Seqanswers Leaderboard Ad

Collapse

Announcement

Collapse
No announcement yet.
X
 
  • Filter
  • Time
  • Show
Clear All
new posts

  • Orthomcl running problem

    Hi there,
    I was trying to run orthomcl in my linux workstation. I am facing this problem:
    Code:
    [root@genomics bin]# ./orthomcl-pipeline -i /home/zillur/Desktop/zillur/phd/orthomcl -o /home/zillur/Desktop/zillur/phd/orthomcl/output -m /usr/local/Tools/orthomcl/orthomcl-pipeline-master/etc/orthomcl.config.example --nocompliant
    Warning: directory "/home/zillur/Desktop/zillur/phd/orthomcl/output" already exists, are you sure you want to store data here [Y]? y
    Starting OrthoMCL pipeline on: Mon Sep 26 20:11:08 2016
    Git commit: unknown
    
    =Stage 1: Validate Files =
    Odd number of elements in hash assignment at /root/perl5/lib/perl5/Bio/SeqIO.pm line 378.
    Validating PlasmoDB-28_PbergheiANKA_AnnotatedProteins.fasta ... 5076 sequences
    Odd number of elements in hash assignment at /root/perl5/lib/perl5/Bio/SeqIO.pm line 378.
    Validating PlasmoDB-28_Pchabaudichabaudi_AnnotatedProteins.fasta ... 5217 sequences
    Odd number of elements in hash assignment at /root/perl5/lib/perl5/Bio/SeqIO.pm line 378.
    Validating PlasmoDB-28_Pfalciparum3D7_AnnotatedProteins.fasta ... 5542 sequences
    Odd number of elements in hash assignment at /root/perl5/lib/perl5/Bio/SeqIO.pm line 378.
    Validating PlasmoDB-28_Pgallinaceum8A_AnnotatedProteins.fasta ... 3 sequences
    Odd number of elements in hash assignment at /root/perl5/lib/perl5/Bio/SeqIO.pm line 378.
    Validating PlasmoDB-28_PknowlesiH_AnnotatedProteins.fasta ... 5323 sequences
    Odd number of elements in hash assignment at /root/perl5/lib/perl5/Bio/SeqIO.pm line 378.
    Validating PlasmoDB-28_PvivaxSal1_AnnotatedProteins.fasta ... 5586 sequences
    Odd number of elements in hash assignment at /root/perl5/lib/perl5/Bio/SeqIO.pm line 378.
    Validating PlasmoDB-28_PyoeliiyoeliiYM_AnnotatedProteins.fasta ... 5709 sequences
    Validated 7 files
    Stage 1 took 0.02 minutes 
    
    =Stage 2: Validate Database=
    Stage 2 took 0.00 minutes 
    
    
    =Stage 3: Load OrthoMCL Database Schema=
    /usr/bin/orthomclInstallSchema "/usr/local/Tools/orthomcl/orthomcl-pipeline-master/etc/orthomcl.config.example" "/home/zillur/Desktop/zillur/phd/orthomcl/output/log/orthomclSchema.log" 1>/home/zillur/Desktop/zillur/phd/orthomcl/output/log/3.loadschema.stdout.log 2>/home/zillur/Desktop/zillur/phd/orthomcl/output/log/3.loadschema.stderr.log
    Error executing command: /usr/bin/orthomclInstallSchema "/usr/local/Tools/orthomcl/orthomcl-pipeline-master/etc/orthomcl.config.example" "/home/zillur/Desktop/zillur/phd/orthomcl/output/log/orthomclSchema.log" 1>/home/zillur/Desktop/zillur/phd/orthomcl/output/log/3.loadschema.stdout.log 2>/home/zillur/Desktop/zillur/phd/orthomcl/output/log/3.loadschema.stderr.log.
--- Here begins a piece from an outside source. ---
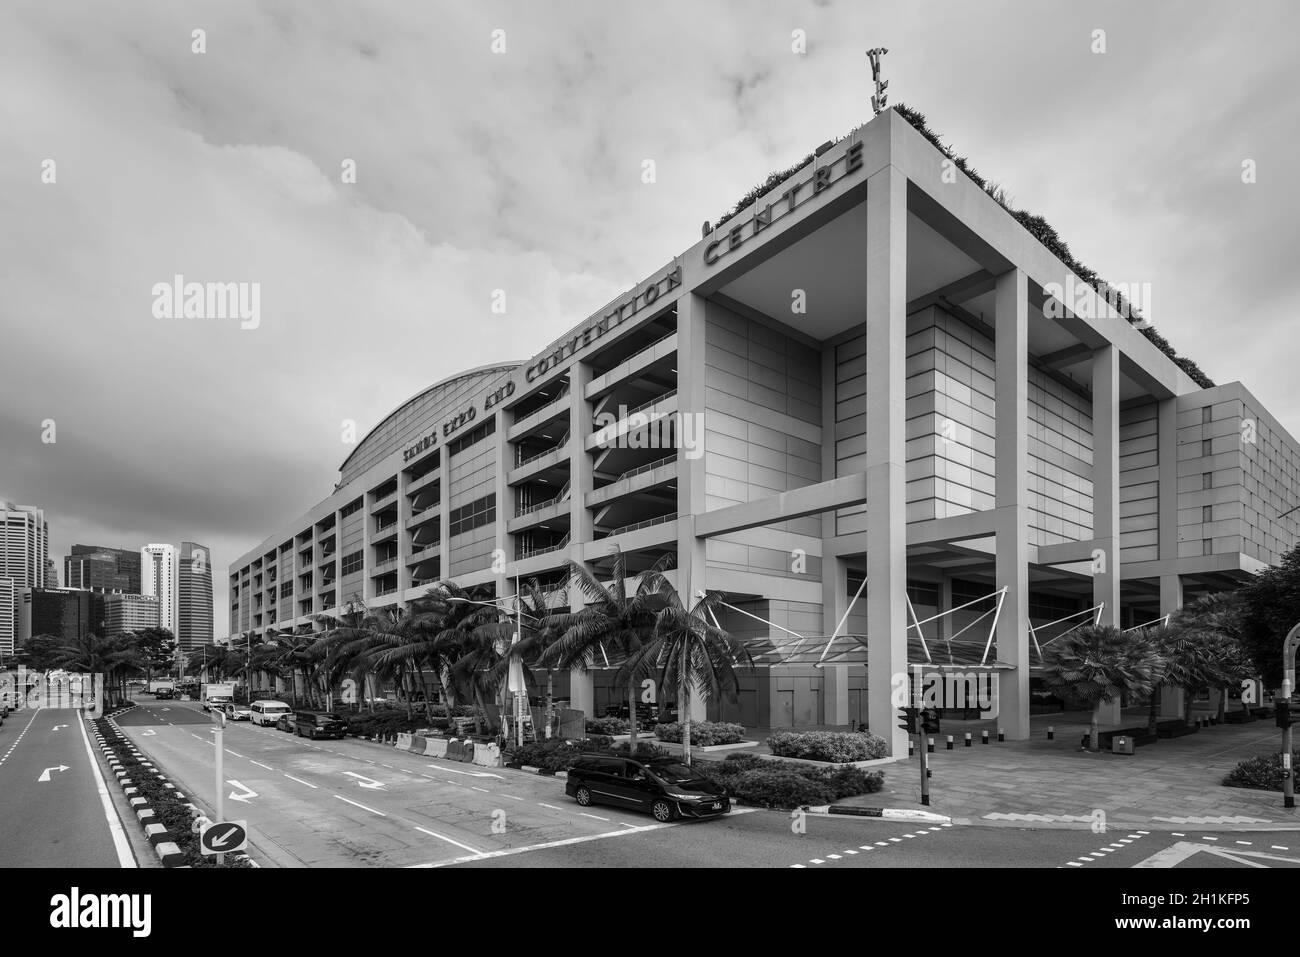 Singapour - 5 décembre 2019 : vue sur le centre d'exposition et de congrès Marina Bay Sands à Singapour.Noir et blanc monochrome. Banque D'Images

See logs /home/zillur/Desktop/zillur/phd/orthomcl/output/log/3.loadschema.stdout.log and /home/zillur/Desktop/zillur/phd/orthomcl/output/log/3.loadschema.stderr.log
    The log is as follows:
    Code:
    [zillur@genomics log]$ more 3.loadschema.stderr.log 
    Can't locate OrthoMCLEngine/Main/Base.pm in @INC (@INC contains: /usr/bin/../lib/perl /root/perl5/lib/perl5/x86_64-linux-thread-multi /root/perl5/lib/perl5 /h
    ome/zillur/perl5/lib/perl5/x86_64-linux-thread-multi /home/zillur/perl5/lib/perl5 /usr/local/lib64/perl5 /usr/local/share/perl5 /usr/lib64/perl5/vendor_perl /
    usr/share/perl5/vendor_perl /usr/lib64/perl5 /usr/share/perl5 .) at /usr/bin/orthomclInstallSchema line 6.
    BEGIN failed--compilation aborted at /usr/bin/orthomclInstallSchema line 6.
    Any suggestions please.

    Best Regards
    Zillur

  • #2
    Is there anybody has any idea? Please. I appreciate your helps.

    Best Regards
    Zillur

    Comment


    • #3
      Hi

      It looks like you need to set your PERL5LIB environment variable so that it points to where your orthomcl perl files are. Something like this:
      export PERL5LIB=/path/to/orthomcl.

      One suggestion though, have you tried OrthoFinder? It's far easier to run, it just requires a single command. It's also a lot more accurate than OrthoMCL:
      Phylogenetic orthology inference for comparative genomics - davidemms/OrthoFinder


      David

      Comment


      • #4
        Thank you very much for your suggestions. Yeah. I have tried orthofinder and it gave me outputs. I wanted to run orthomcl to compare, maybe its not necessary now. Do you have any suggestions how can I process the outputs to get a gene presence/absence matrix?

        Thank you again.

        Best Regards
        Zillur

        Comment


        • #5
          The file Orthogroups.csv is effectively a presence/absence matrix: The rows are orthogroups and the columns are species so if there are any genes listed in the i,j-th cell then the ith orthogroup is present in the jth species.

          All the best
          David

          Comment


          • #6
            Thank you very much for your comment. I want a matrix like:

            Code:
                          genome1	genome2 genome3
            gene1  	 1     	 0     	 0
            gene2  	 0     	 0     	 0
            gene3  	 1     	 1     	 1
            gene4  	 0     	 0     	 1
            How can I do this?

            Best Regards
            Zillur

            Comment


            • #7
              You'd just need to replace empty cells with 0 and cells with text in with 1.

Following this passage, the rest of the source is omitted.